#### What the task asks:
Leave the pictures out and print, word for word, the lines below from the one with "Darien earrings in" through the final line.

#### Dataset extract:
---
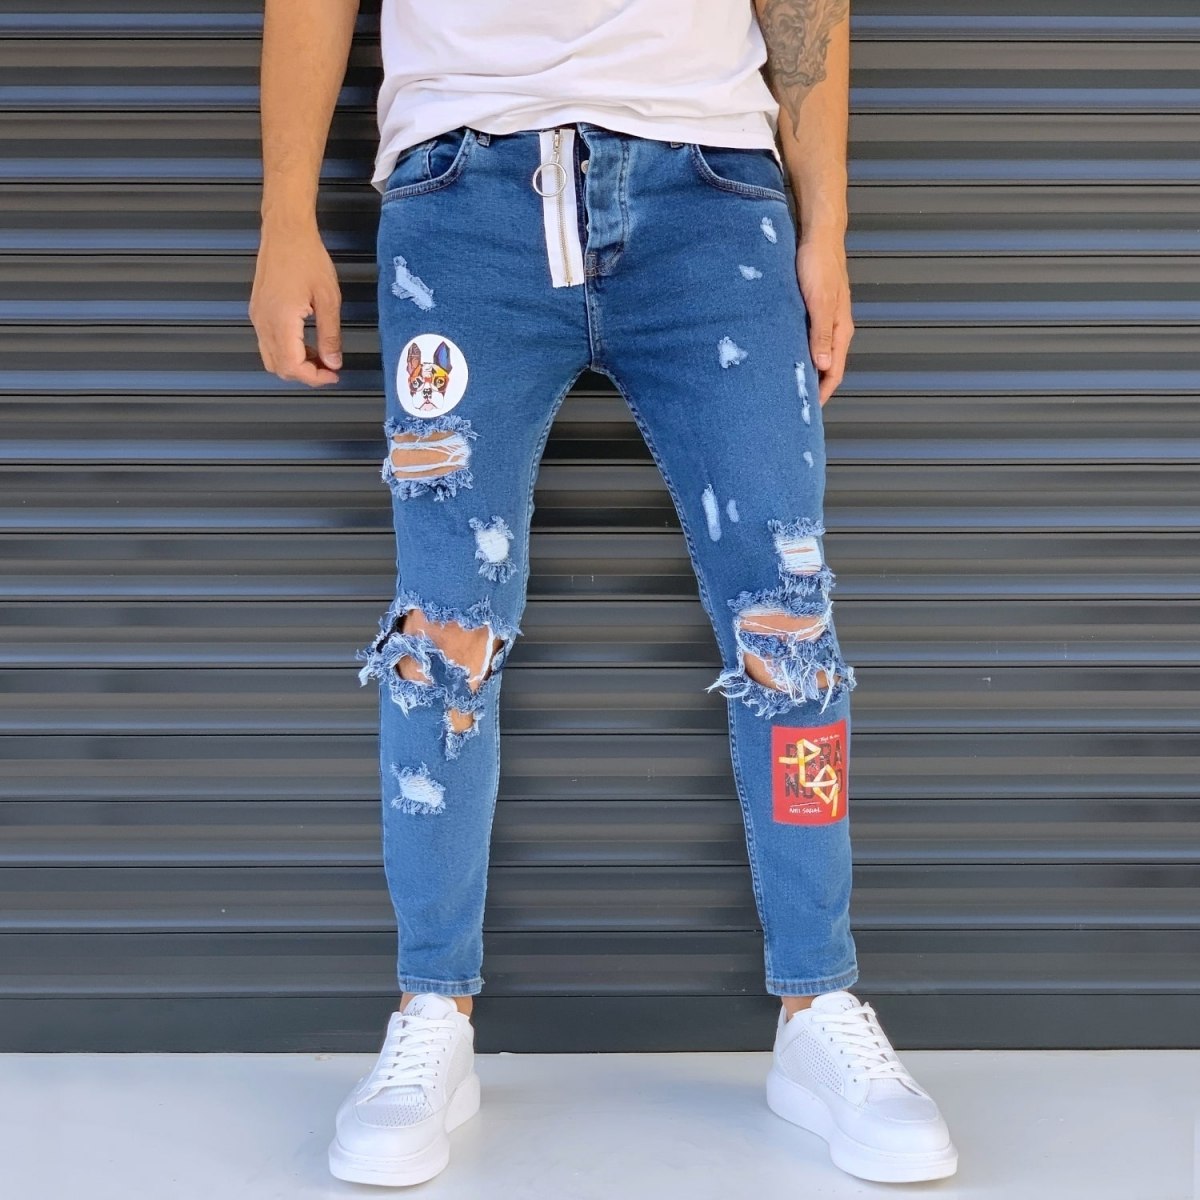 Herren Jeans mit großen Rissen und Flickwerk in blau - 1
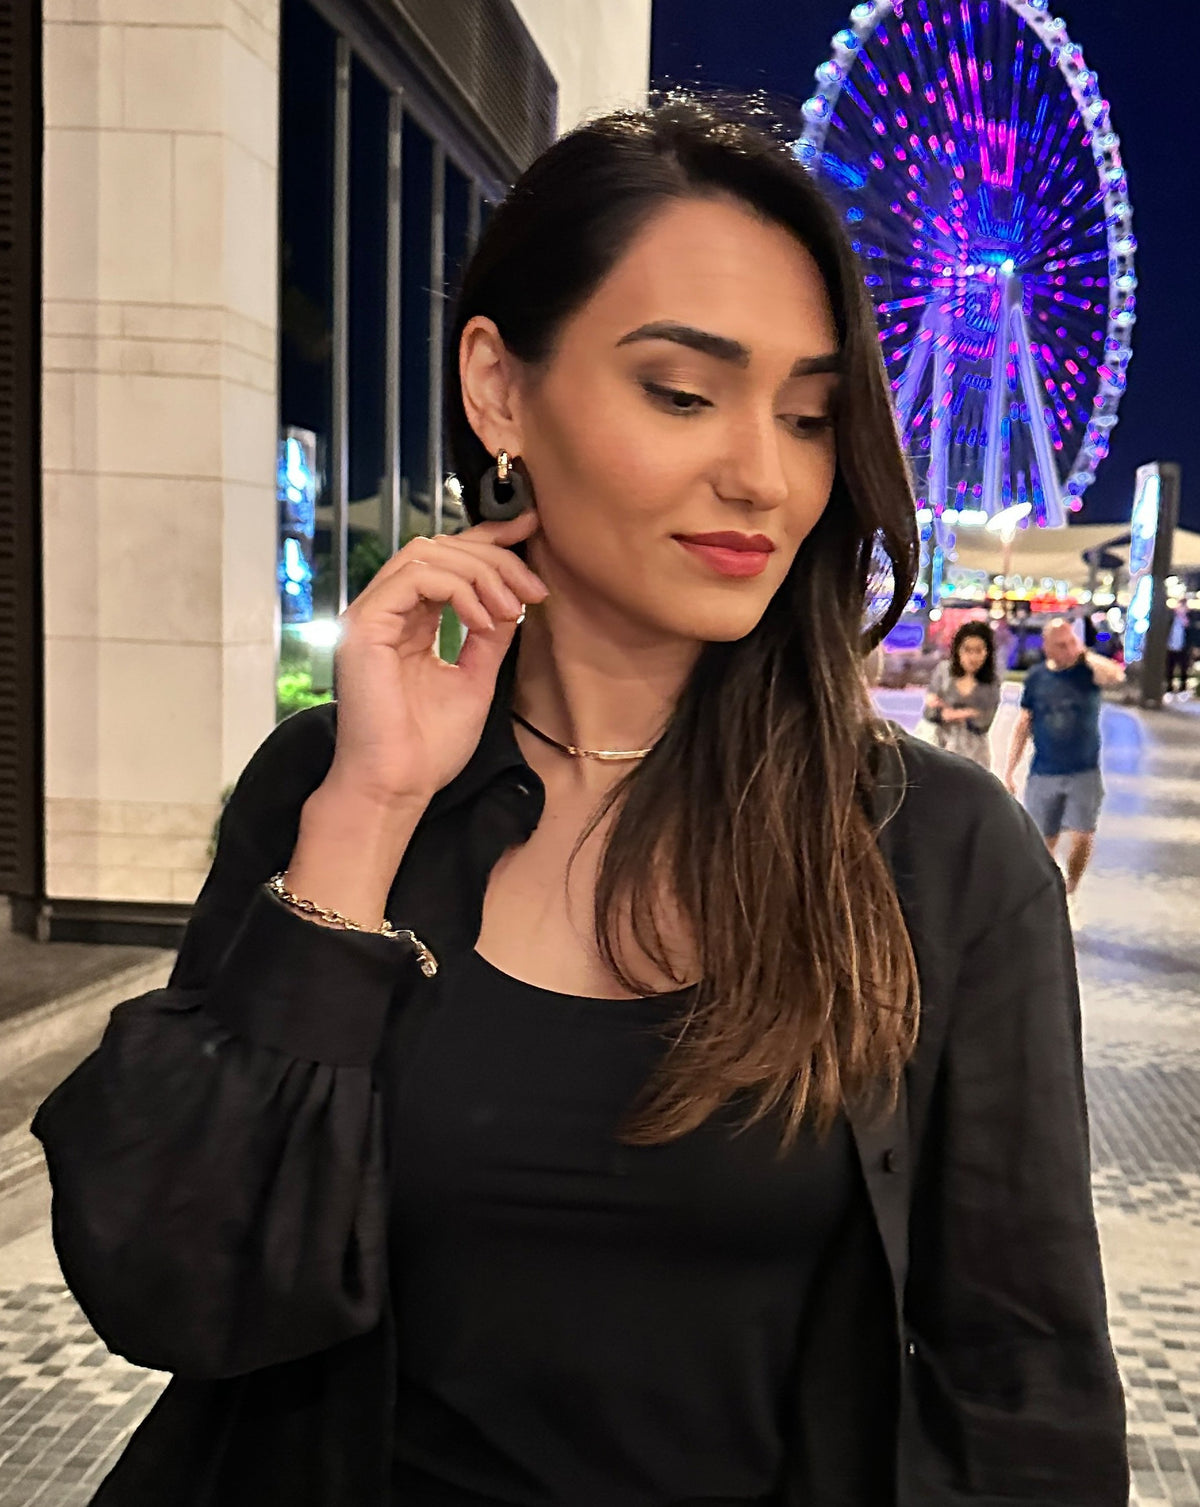 Darien earrings in Black color with gold hoops, on model
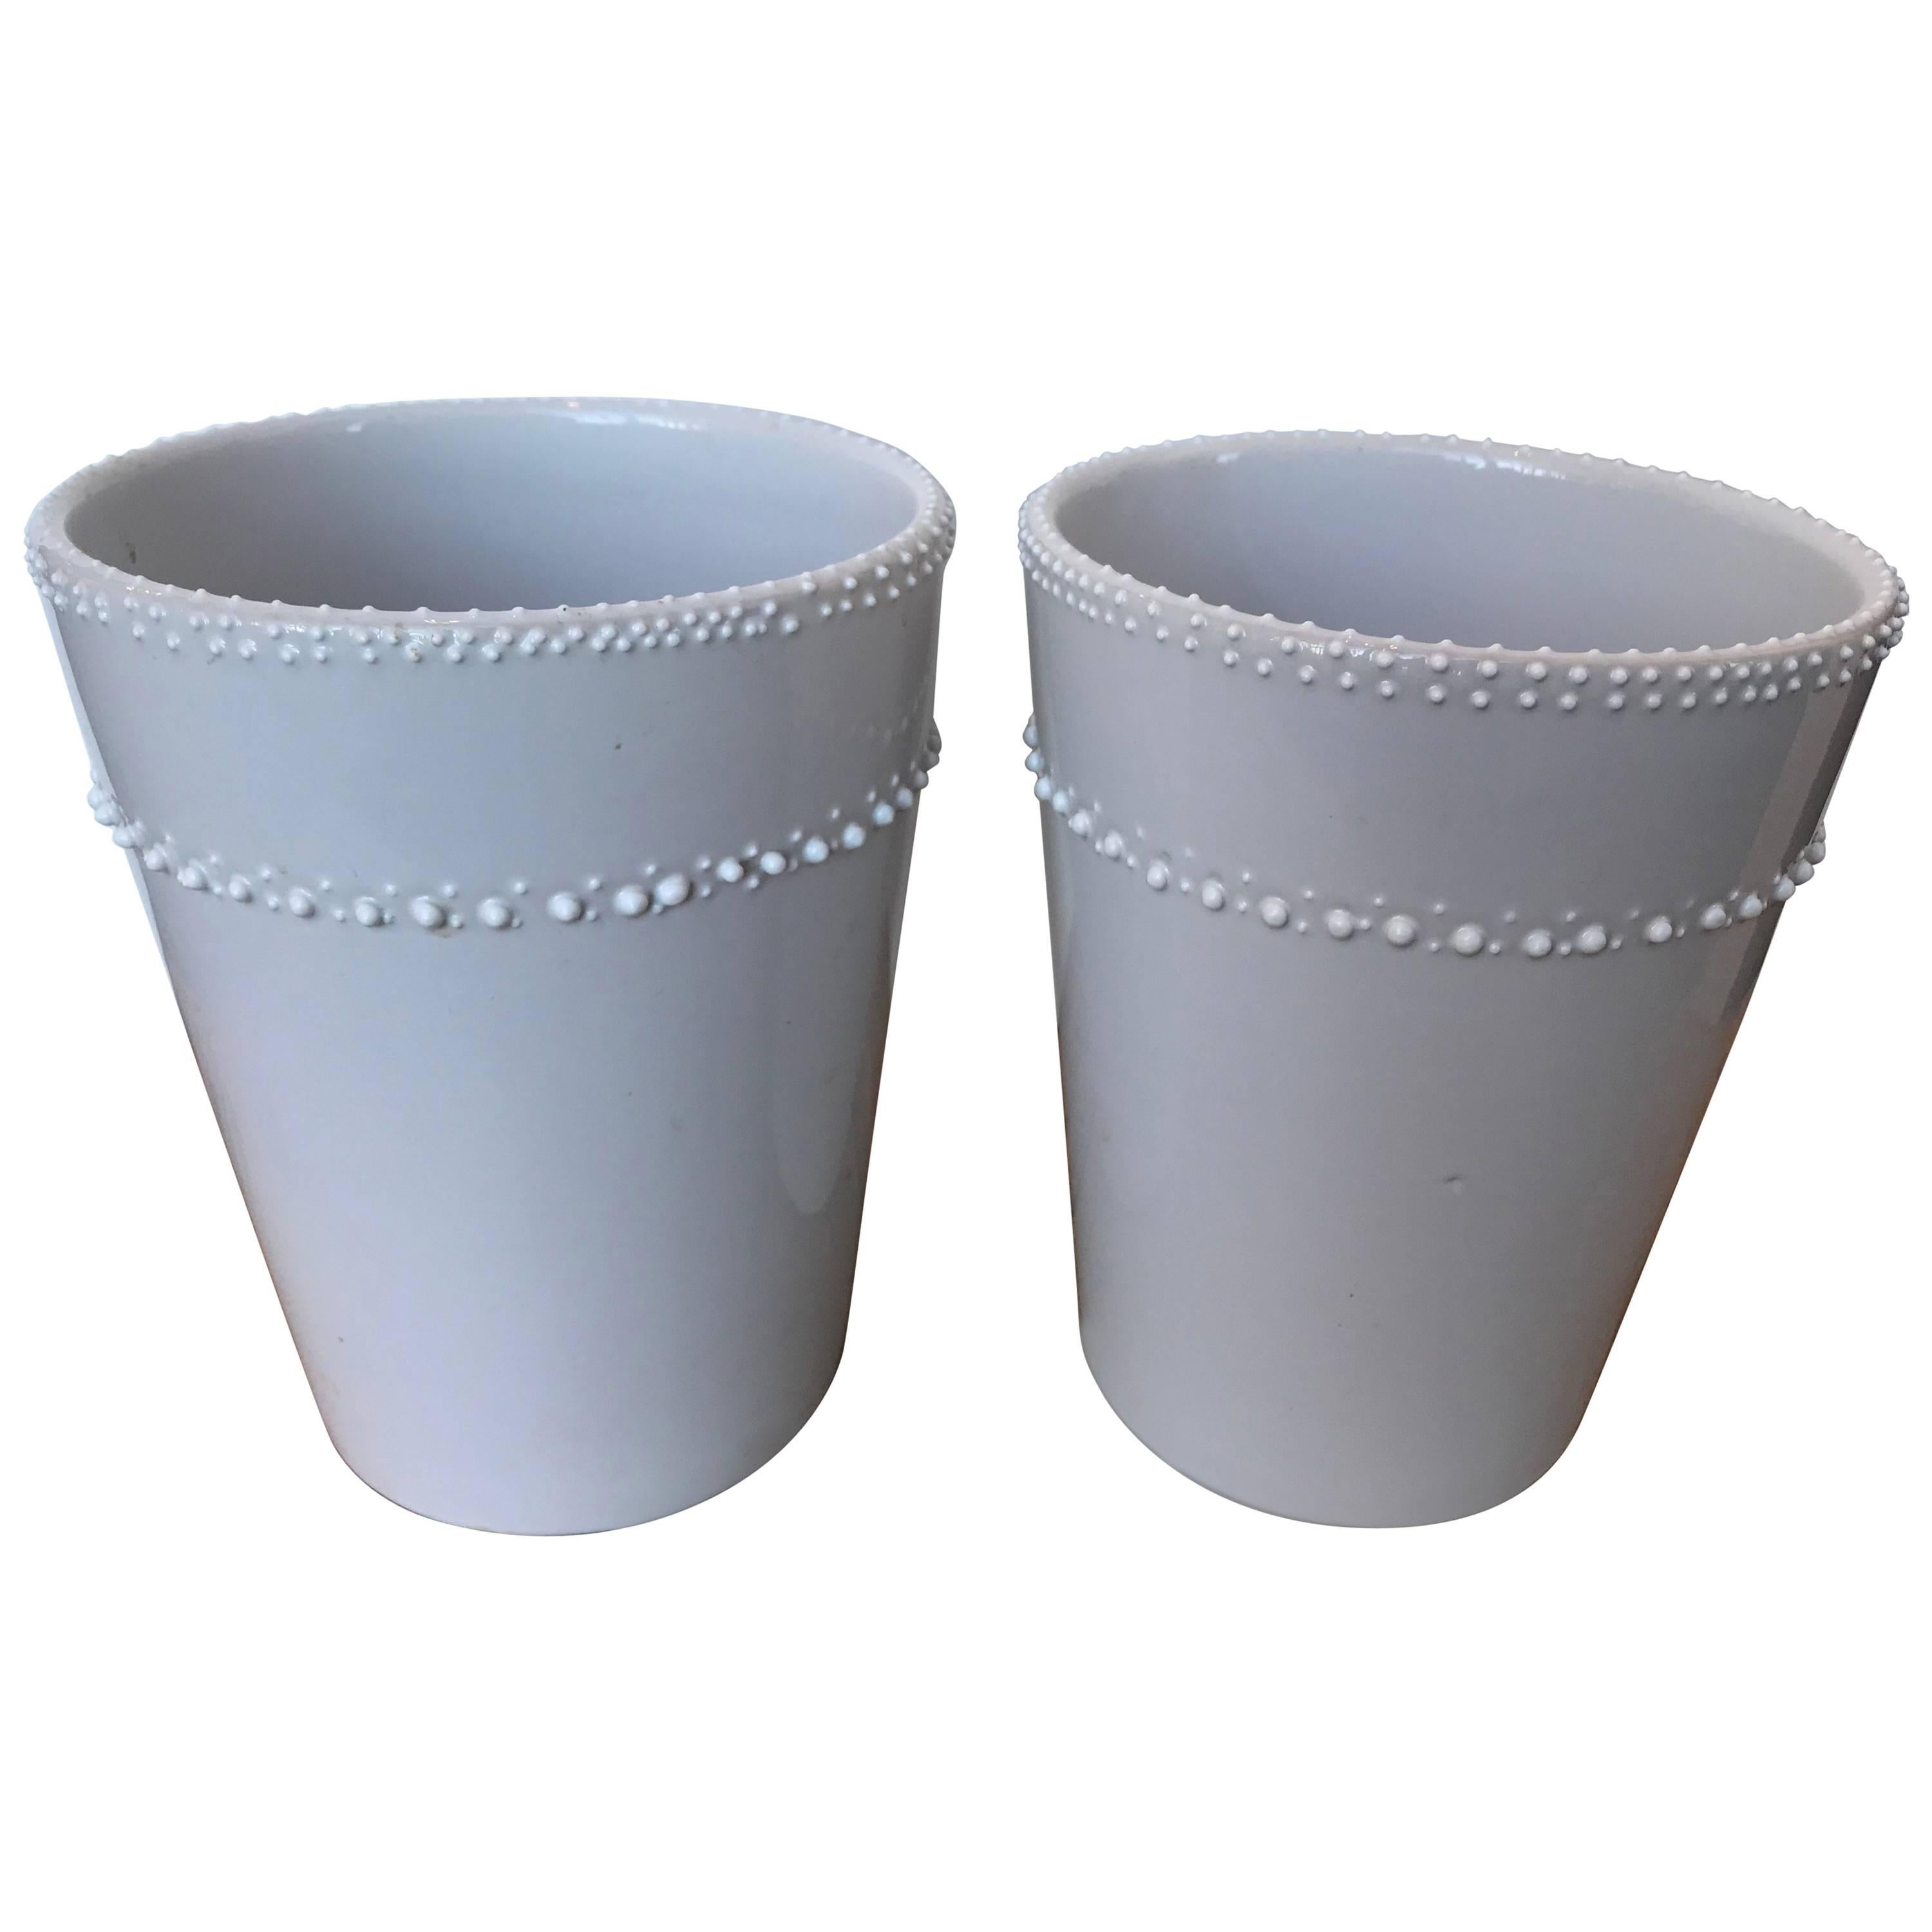 Pair of White Ceramic Vases/Cachepots
---
#### Task output:
 Darien earrings in Black color with gold hoops, on model
 Pair of White Ceramic Vases/Cachepots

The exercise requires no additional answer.